Kratrina nodded. The medical personnel of the rest home, members of a stolid and empathetic but unimaginative humanoid race who called itself Kelter, were as obsessed with getting humans to fraternize under their benevolent eyes as they were about keeping humans away from each other when unsupervised.

"I was naughty, otherwise we wouldn't have met at all." He winked. "They put me in the side garden and I walked around."

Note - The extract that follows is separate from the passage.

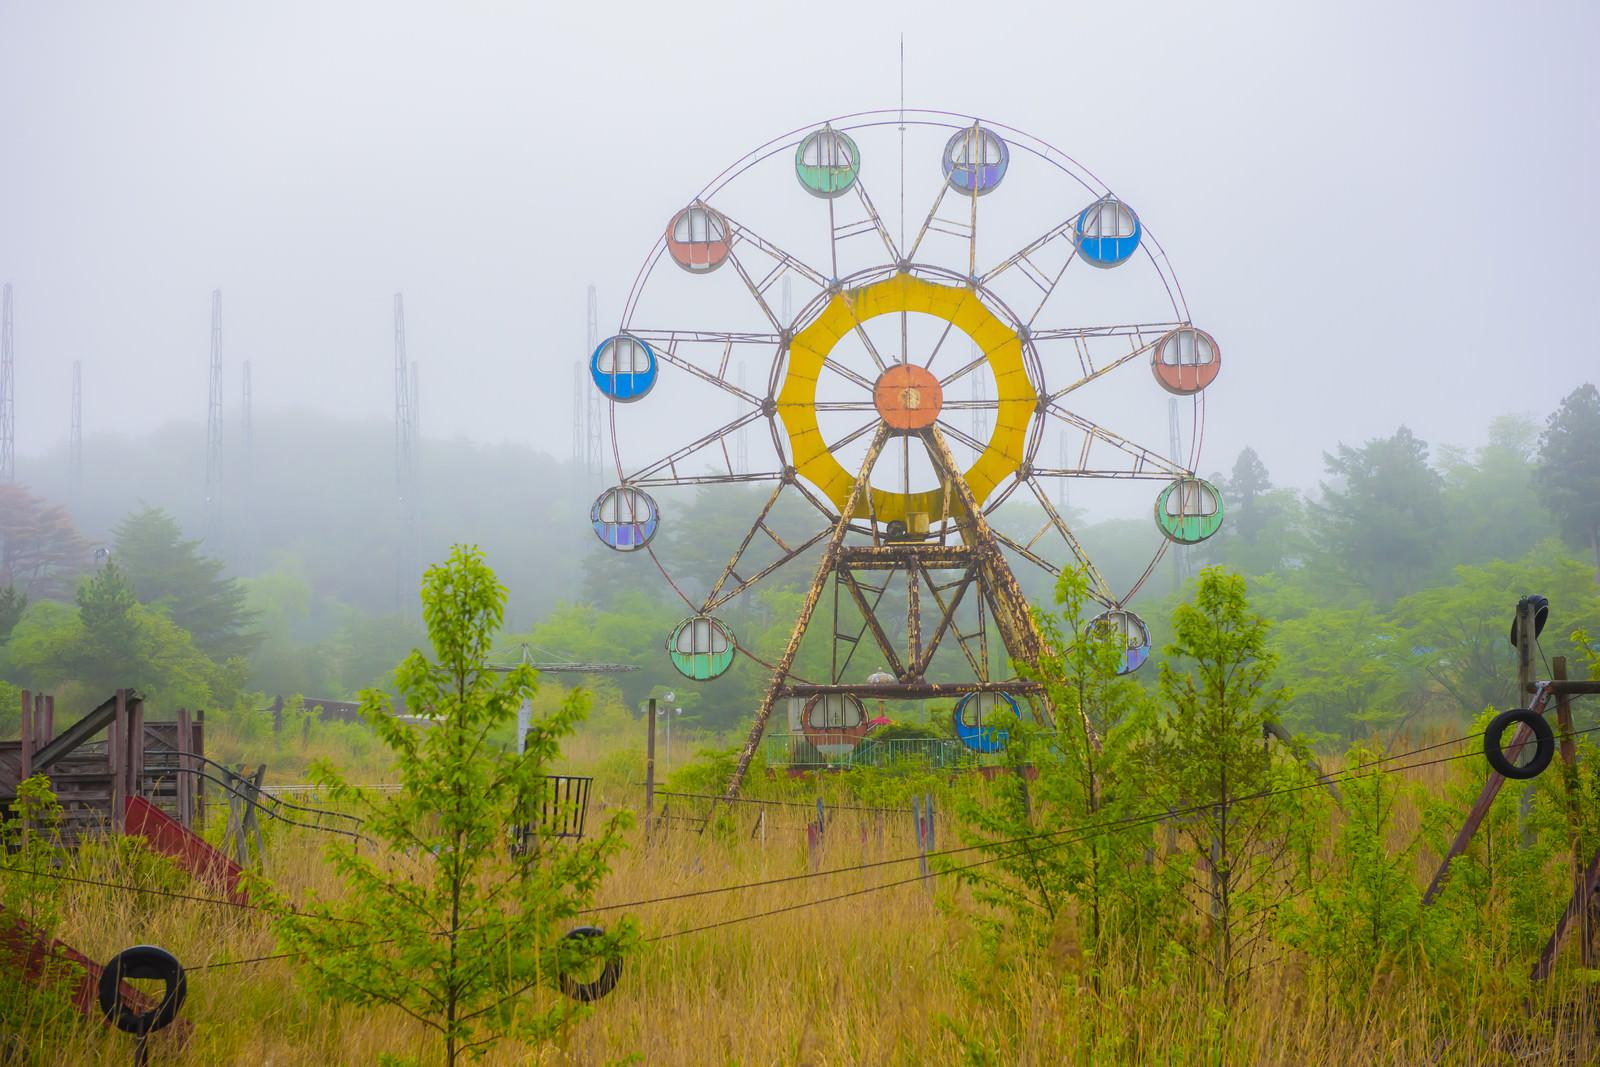 「霧の中の遊園地廃墟霧の中の遊園地廃墟」のフリー写真素材を拡大
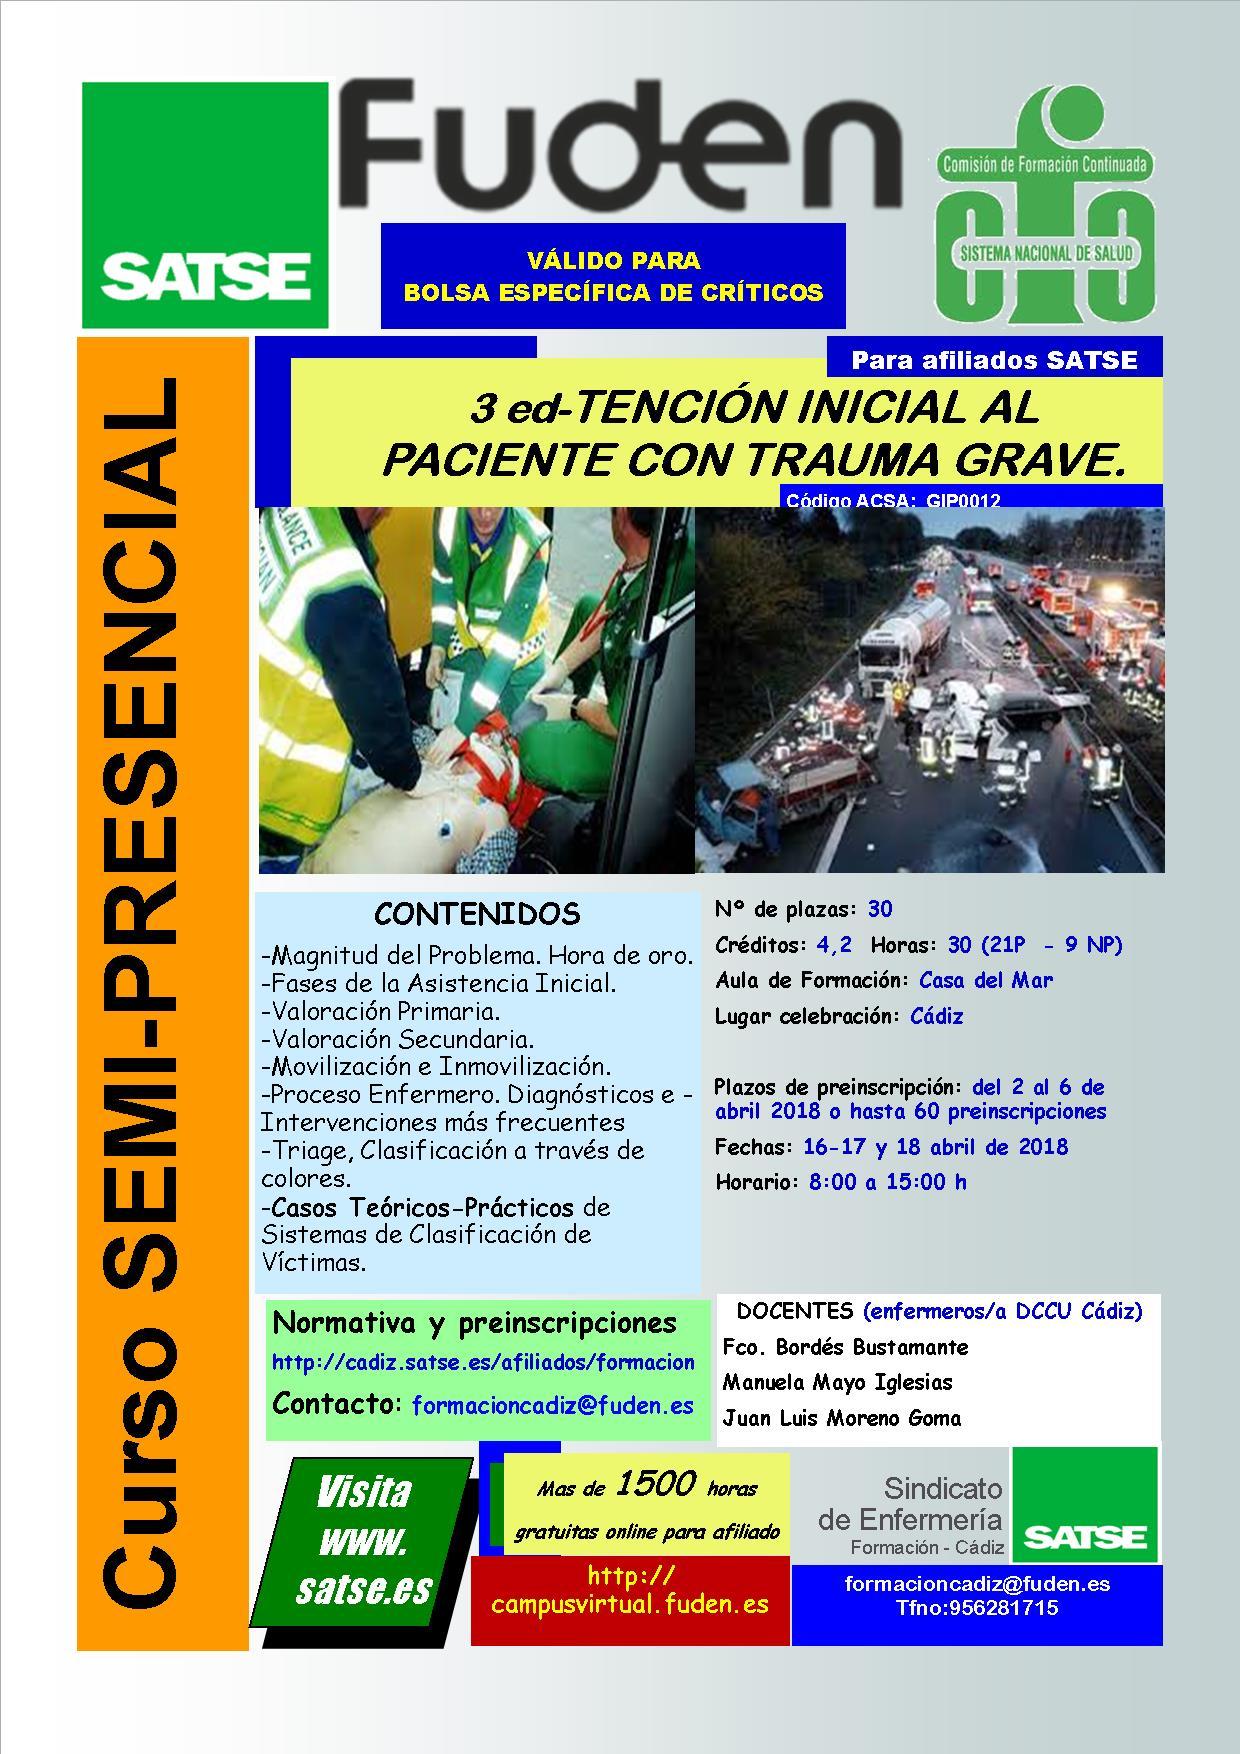 2018-3ª ed CADIZ - ATENCIÓN INICIAL AL PACIENTE CON TRAUMA GRAVE.

"Around?" she said. "But you'd have to cross the desert, I mean, the non-terraformed area between" She thought of the area she had glimpsed on the few occasions she had ventured beyond the edge of the ponderosa pines. What looked like an endless stretch of scorched red sand, and the trees beyond it, in the distance. It would take at least ten minutes to cross between a small garden and the next and the sun would be intense, yet here he was, his suit unruffled, his hair innocent of red sand.

He bowed. "I had heard you were here. And the memory of your beauty made it worth to cross that island of hell." He reached for her hand and kissed it again.

She remained, with her hand pressed to her own lips, reliving the tingle of his touch, as he walked away amid the apple trees, until the glimmering, silk-clad shape vanished through the ponderosa pines.

* * *

"Well, dear," the nurse said, smiling, as she opened the curtains of the room. "You sure are looking better."